As he thought it, he heard himself saying it aloud. He pushed himself out of the chair, embarrassed. “Crazy,” he said, also aloud. “Talking to myself.”

He switched off the TV again and retrieved the coat. It was colder but no longer snowing. He brushed the feathery deposit from the windshield with his sleeve, and drove.

Eastbound through Gallup, he saw Kennedy’s sedan parked at the Zuni Truck Stop Cafe. Kennedy was drinking tea.

“Sit,” Kennedy said, indicating the empty bench across the booth table from him. He extracted the tea bag from his cup and held it gingerly by its string. “Peppermint,” he said. “You ever drink this stuff?”

Leaphorn sat. “Now and then,” he said.

“What brings you off the reservation on such an inclement Saturday evening?”

What, indeed? Old friend, I am running from Emma’s ghost, Leaphorn thought. I am running from my own loneliness. I am running away from craziness.

“I’m still curious about your man with the pointed shoes,” Leaphorn said. “Did you ever get him identified?”

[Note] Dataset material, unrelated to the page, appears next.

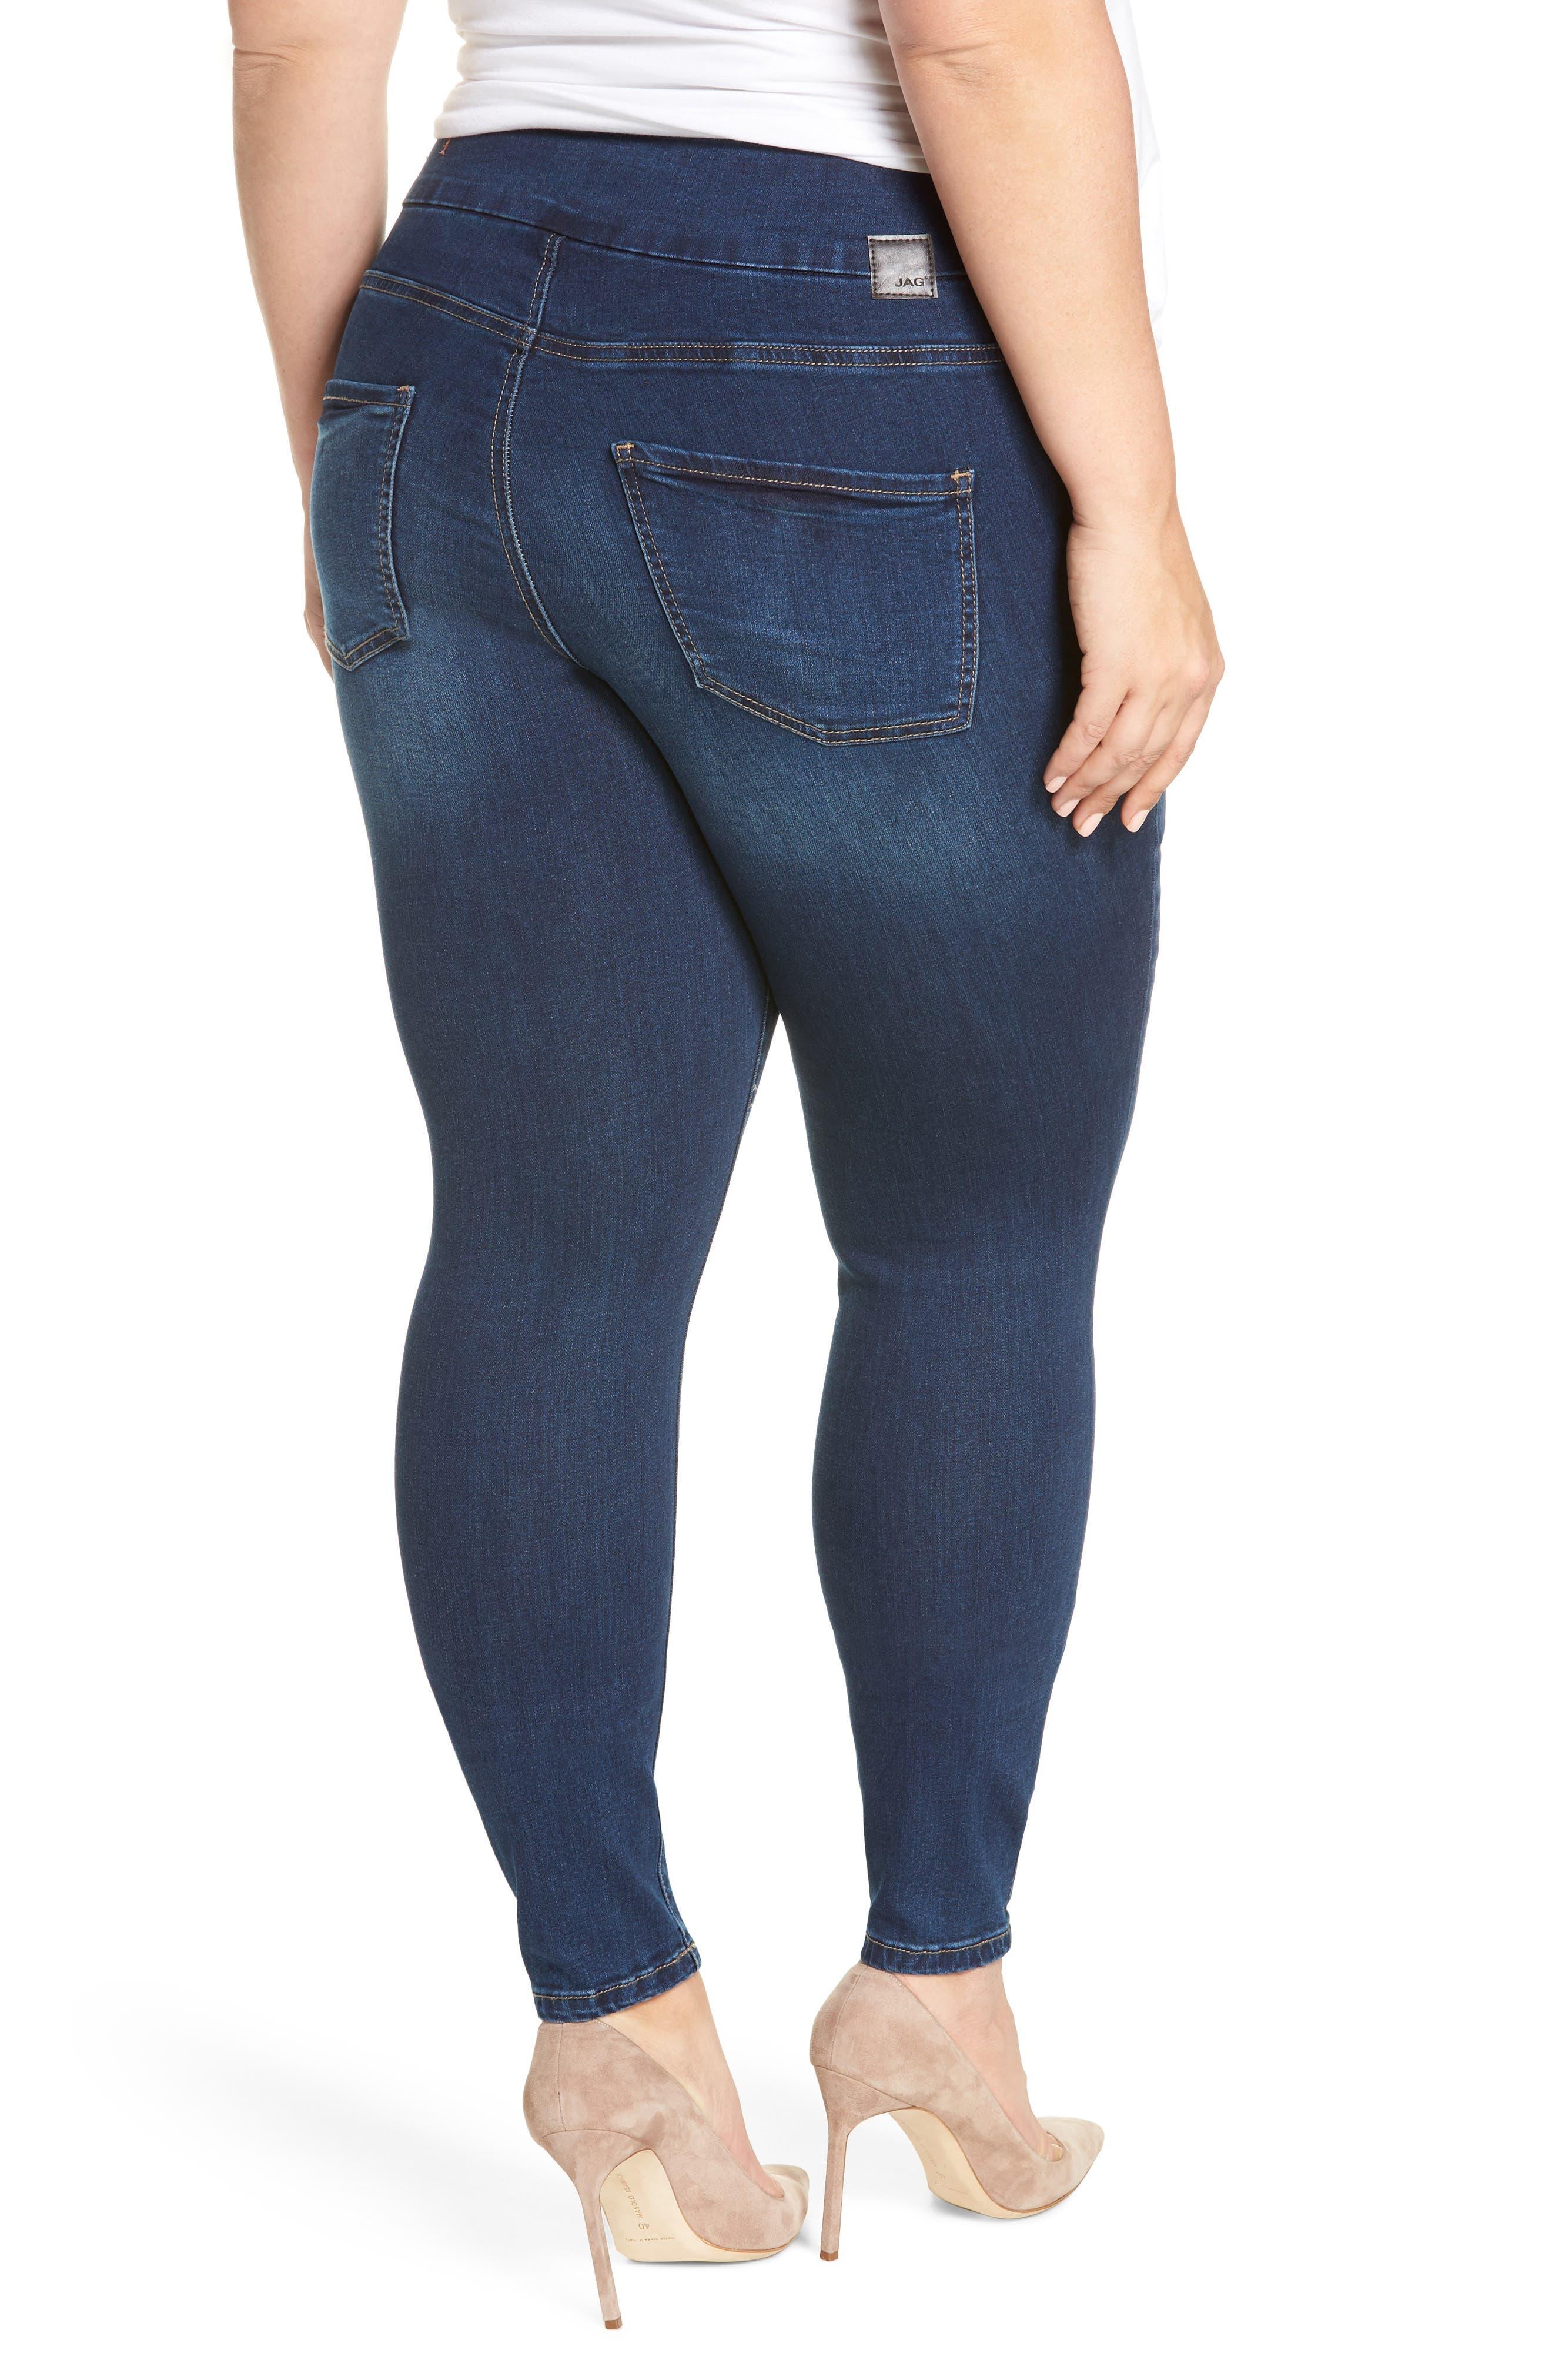 Nora Stretch Skinny Jeans,                             Alternate thumbnail 2, color,                             MED INDIGO

Kennedy gazed at him over the cup. “Nothing on the fingerprints,” he said. “I think I told you that. Nothing on anything else, either.”

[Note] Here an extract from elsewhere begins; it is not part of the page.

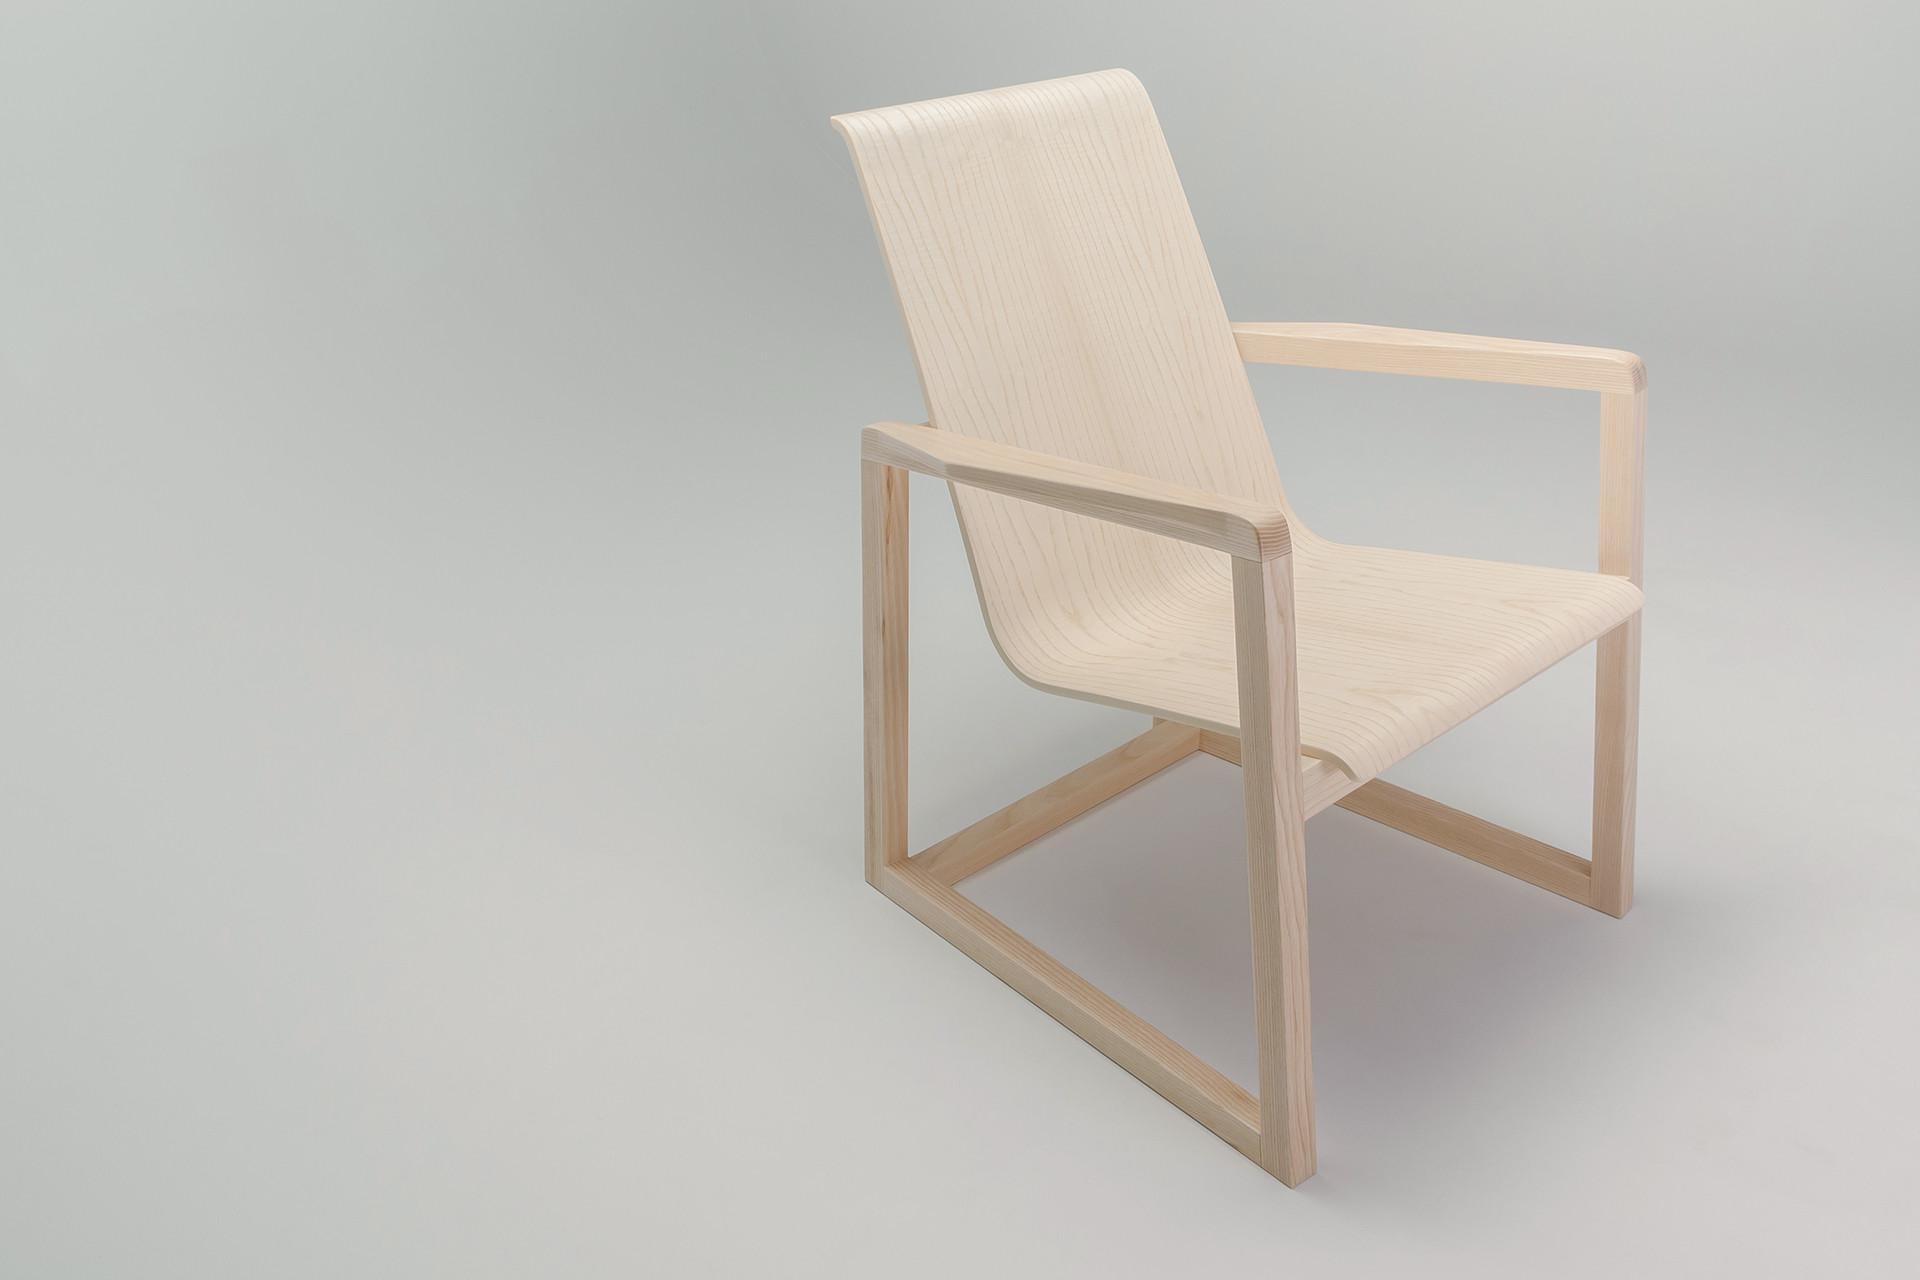 Serene-Easy-Chair_5_1920x1280_72dpi.jpg

“If you found his false teeth, could you identify him from that?”

“Maybe,” Kennedy said. “If we knew where he was from, then we could find out who made that sort of denture. Probably we could.”

The waitress appeared with a menu. “Just coffee,” Leaphorn said. He had no appetite this evening.

“My wife tells me coffee is giving me the night sweats. The caffeine is making me jumpy,” Kennedy said. “She’s got me off on tea.”